Stability or flexibility: Metal nanoparticles supported over cross-linked functional polymers as catalytic active sites for hydrogenation and carbonylation

• A cross-linked functional polymer was prepared by 1, 3, 4, 6-tetraallylglycoluril.
• Pt/CFP shows excellent catalytic performance in hydrogenation of nitrobenzenes.
• The carbonylation of iodobenzene over Pd/CFP gives double-carbonylation products.
• Supported Pt and Pd nanoparticles show high macroscopic catalytic robustness.

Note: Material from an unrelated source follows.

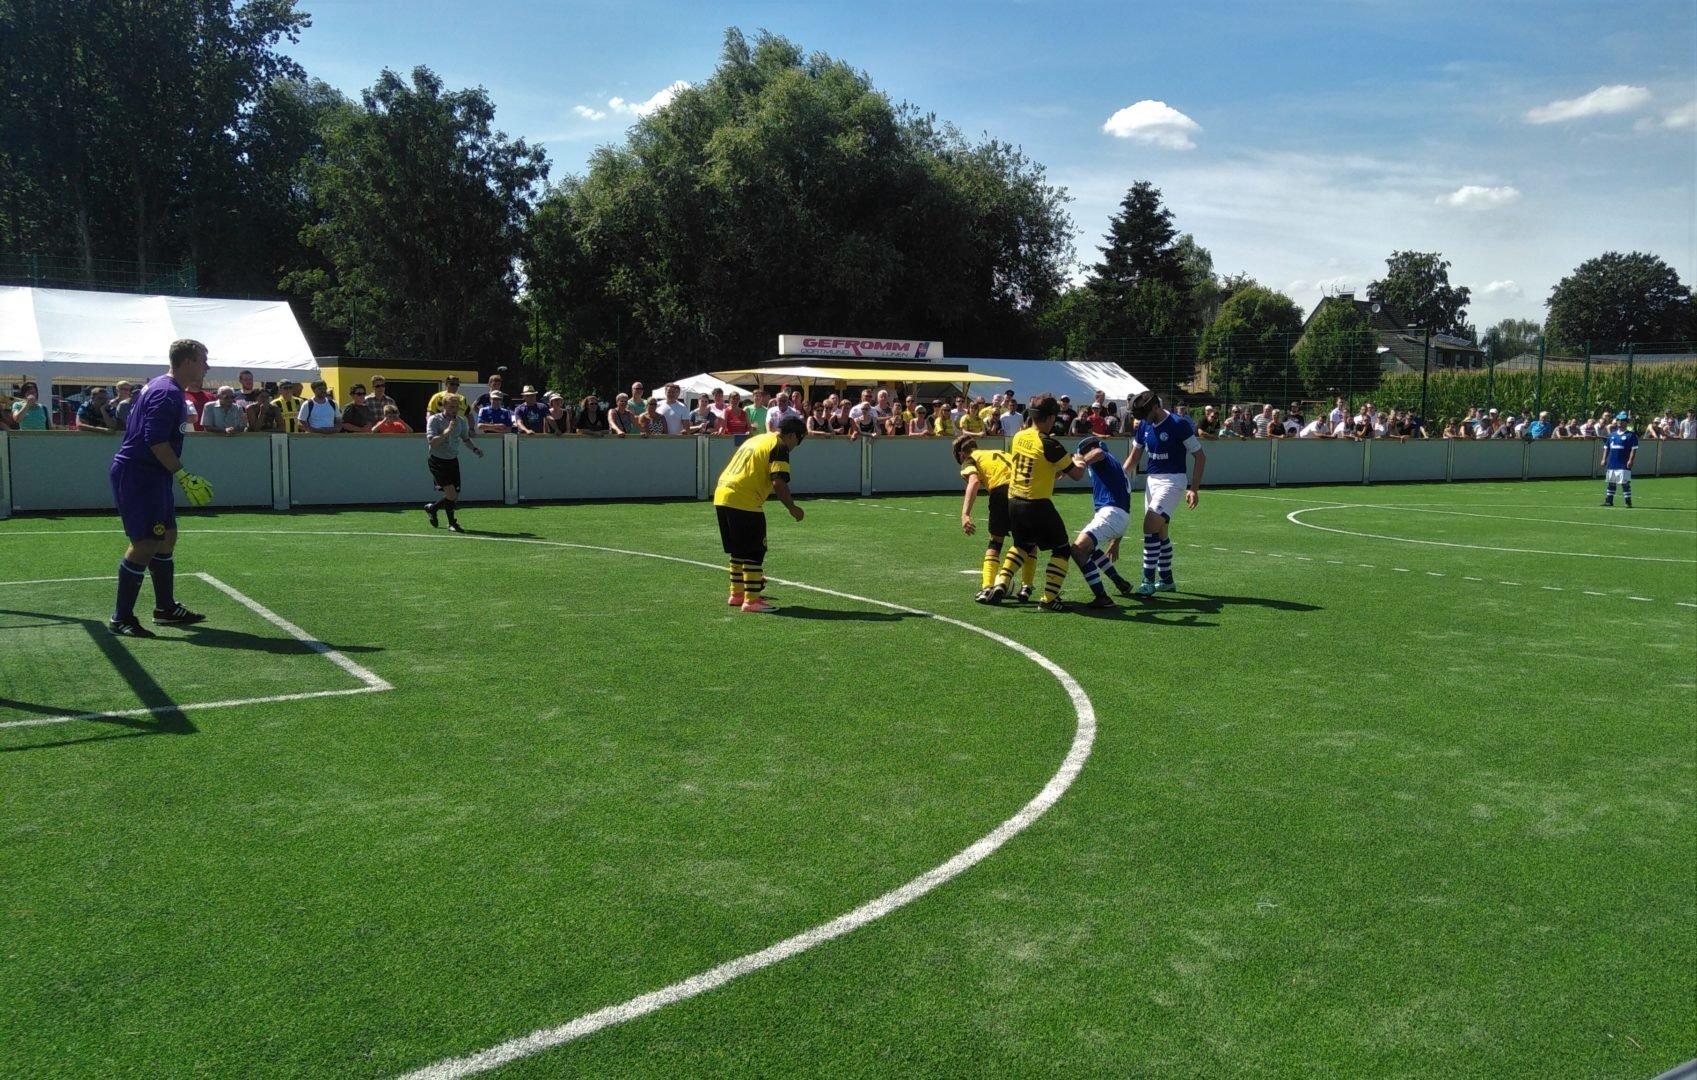 Auf eine tolle Kulisse, wie hier beim Ruhrpott-Derby zwischen Dortmund und Schalke dürfen sich die Blindenfußballer auch in Düsseldorf freuen. Foto: Jari Schaller
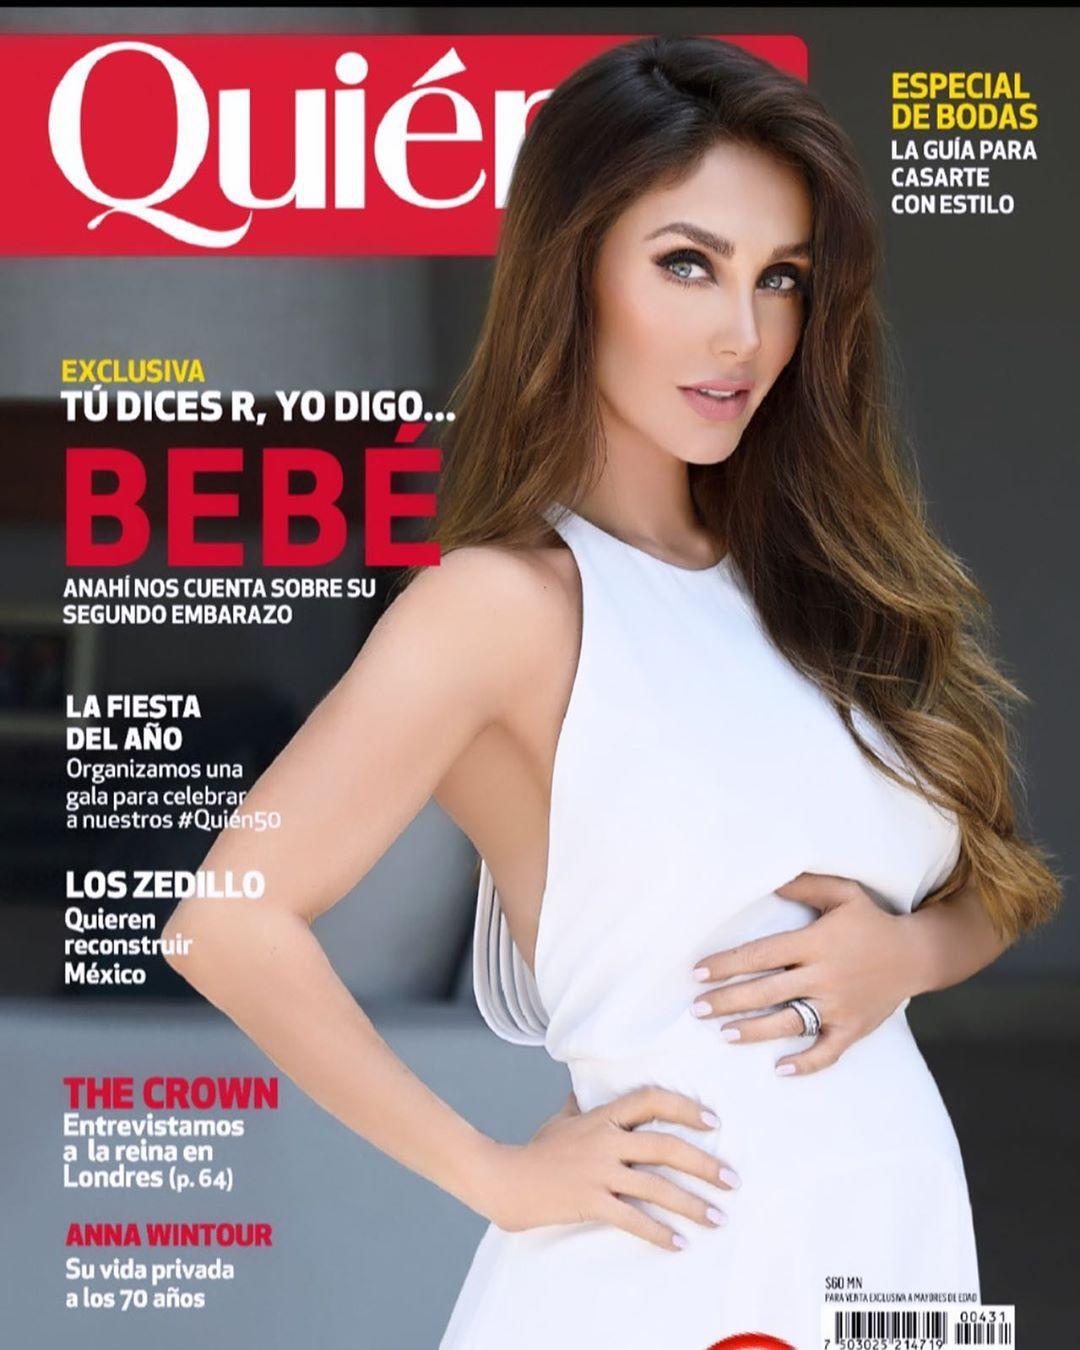 La portada de la revista

A novel cross-linked functional polymer was prepared through copolymerization between 1, 3, 4, 6-tetraallylglycoluril and 4-vinyl pyridine. Pt and Pd nanoparticles supported over this polymeric framework (Pt/CFP and Pd/CFP) were detailedly characterized by TEM, EDS, and XPS. Pt nanoparticles were kept in the monodispersed state with the average size of 1.4 nm. Monodispersed Pd nanoparticles were about 4.5 nm. The hydrogenation of nitrobenzenes over Pt/CFP shows high activity and selectivity with the substrate to Pt ratio of 4000 under mild reactions. Pd/CFP was the catalyst for carbonylation of aryl iodides in the presence of secondary amines and acylhydrazines. Double carbonylation with secondary amines produced α-ketoamides with the selectivity of 80%. Diacylhydrazine molecules were synthesized by the direct carbonylation of aryl iodide with acylhydrazine over Pd/CFP. The recyclability and recoverability of Pt/CFP were investigated through a seven-run recycling test of nitrobenzene hydrogenation. The flexibility of Pd/CFP in the carbonylation process was thoroughly explored by a 12-run recycling test. Supported Pt or Pd nanoparticles showed the macroscopic robustness in their catalytic performance in the catalytic cycle. The flexibility of metal nanoparticles and the polymeric supports guaranteed macroscopic catalytic robustness.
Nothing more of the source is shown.